After the briefest introduction possible to the new Whiplash concept, Boston had shipped out to the Sudan to scout out locations for a base. Danny remained in the States, recruiting more members and arranging for their gear.
“You’re going to love this bus,” said Boston. “Got a port-a-john and everything.”
“As long as it runs.”
“Walks more than runs. But it’ll get us there. When’s the rest of the team showing up?”
“Couple of days.”
“Nuri’s waiting for us. Interesting fellow.”
“Why’s that?” asked Danny.
“Just interesting. Knows a bunch of stuff. Pretty good cook.”
“Yeah?”
“You should taste what he does with goat and garlic.”
“Can’t wait,” said Danny.
“You’re also going to need this.”
Boston held out a pistol. It was a large Dessert Eagle, more than twenty years old.
“Got it in town,” he said. “Everything else I saw was just peashooters, 22s and revolvers, pretty useless to stop anyone. I figured it would do until we’re settled. No spare ammo, though.”
Danny took the weapon in his hand. The pistol had a heft to it that made it a clearly serious weapon. Chambered for.44 Magnum, it held eight rounds and could stop anything lighter than an elephant in its tracks.
He slid the gun under his belt, tucking it beneath his jacket.
The bus was an old French municipal bus, converted to private service. It came with a driver, Amid Abul, an Arab who had lived in Derudeb for ten years, occasionally hiring himself out to the CIA as a driver and local “consultant.” Nuri had hired him to provide transportation to their base in the hills to the south, and to help in whatever capacity seemed practical.
Nuri had dealt with Abul before, but even he didn’t fully trust him; it would have been foolish to do so. Though as the owner of a bus, he was relatively well off, the inhabitants of the war-torn country were so poor that most would gladly give up a relative to a sworn enemy for a year’s supply of food and water. Nuri had given Abul a cover story, telling him that his friends were paleontologists. Abul, who knew Nuri was CIA, was smart enough not to ask any questions.
Danny kept up pretenses by asking whether he had ever seen any bones in the sands nearby.
“Plenty of bones, Doctor,” answered Abul. “But all of men.”
The buildings and houses they passed were mostly black shapes barely discernible in the darkness of the night.

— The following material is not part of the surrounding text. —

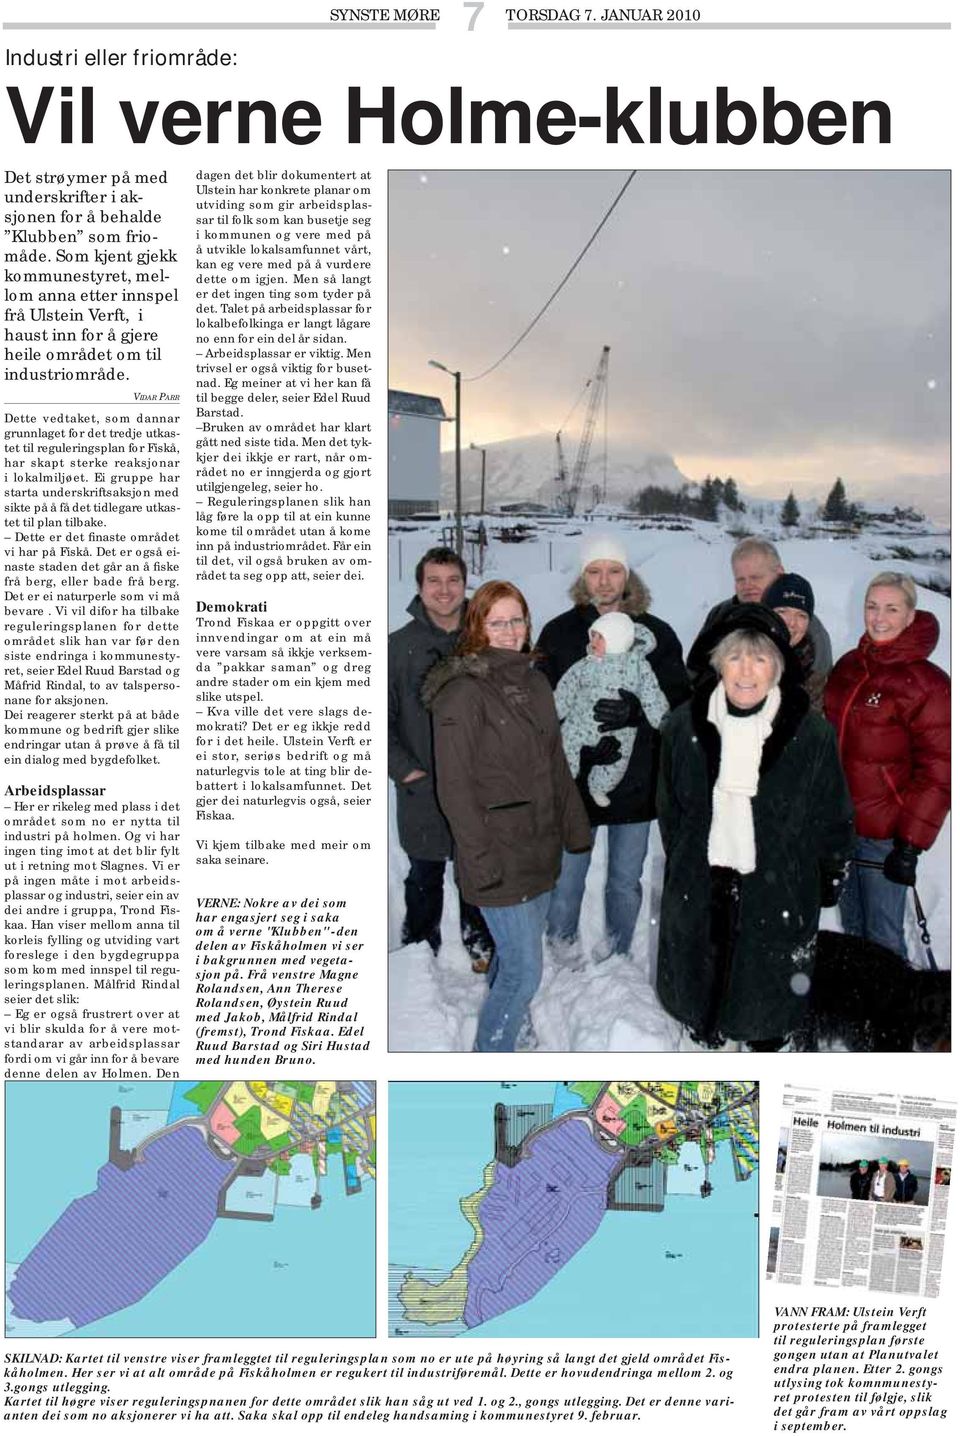 VIDAR PARR Dette vedtaket, som dannar grunnlaget for det tredje utkastet til reguleringsplan for Fiskå, har skapt sterke reaksjonar i lokalmiljøet.

They faded as the bus wound its way beyond the city, illusions conjured by a stage manager designed to convince an audience that Port Sudan was a real place.
The landscape, harsh and mostly barren during the day, looked surreal at night, the endless darkness punctuated by black stalks and hulking mounds, silhouettes of gray hills and mountains.

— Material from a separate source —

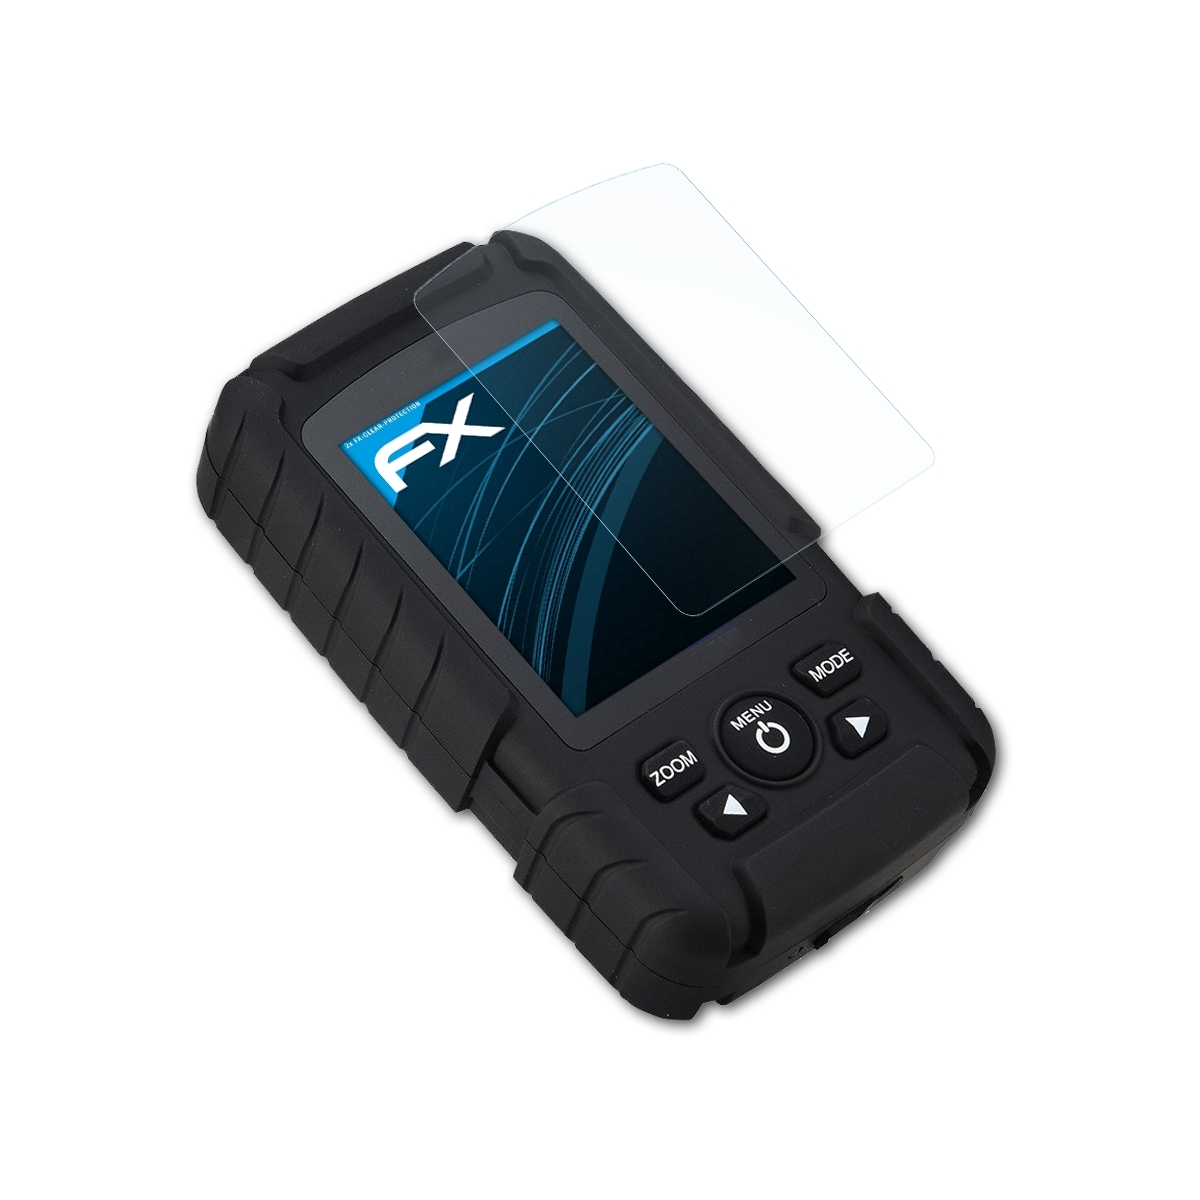 2x (FF718LiC)) FX-Clear Lucky Fishfinder Displayschutz(für ATFOLIX

After about an hour and a half, Danny began to relax. There was almost no traffic on the road, though it was the only highway to the south from the coast. It was easy to believe they were the only people left on earth.

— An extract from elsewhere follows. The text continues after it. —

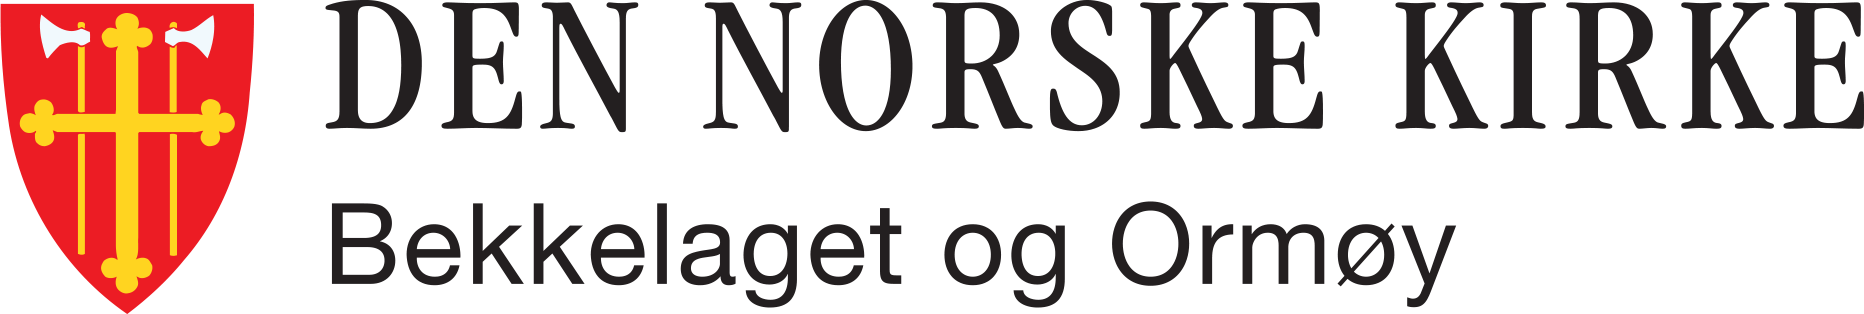 Bekkelaget og Ormøy menighet logo

The area was warm, but not as warm as he’d thought it would be; the night became more pleasant as they left the moist air of the coast. The mountains and foothills of the eastern part of the country received much more rain than the desert to the west. While the fields and hillsides were hardly lush at this time of year, grass, shrubs, and trees grew in the thin but well-drained soil. Here and there farms made a stab at civilizing the land.
Danny felt his eyes start to close. He shifted often, shaking himself, trying to stay as alert as possible.
Boston had no trouble staying awake. He’d been drinking coffee practically nonstop since arriving in Africa, but it wasn’t the caffeine that made his muscles buzz. The idea of being back in action after so many years thrilled him.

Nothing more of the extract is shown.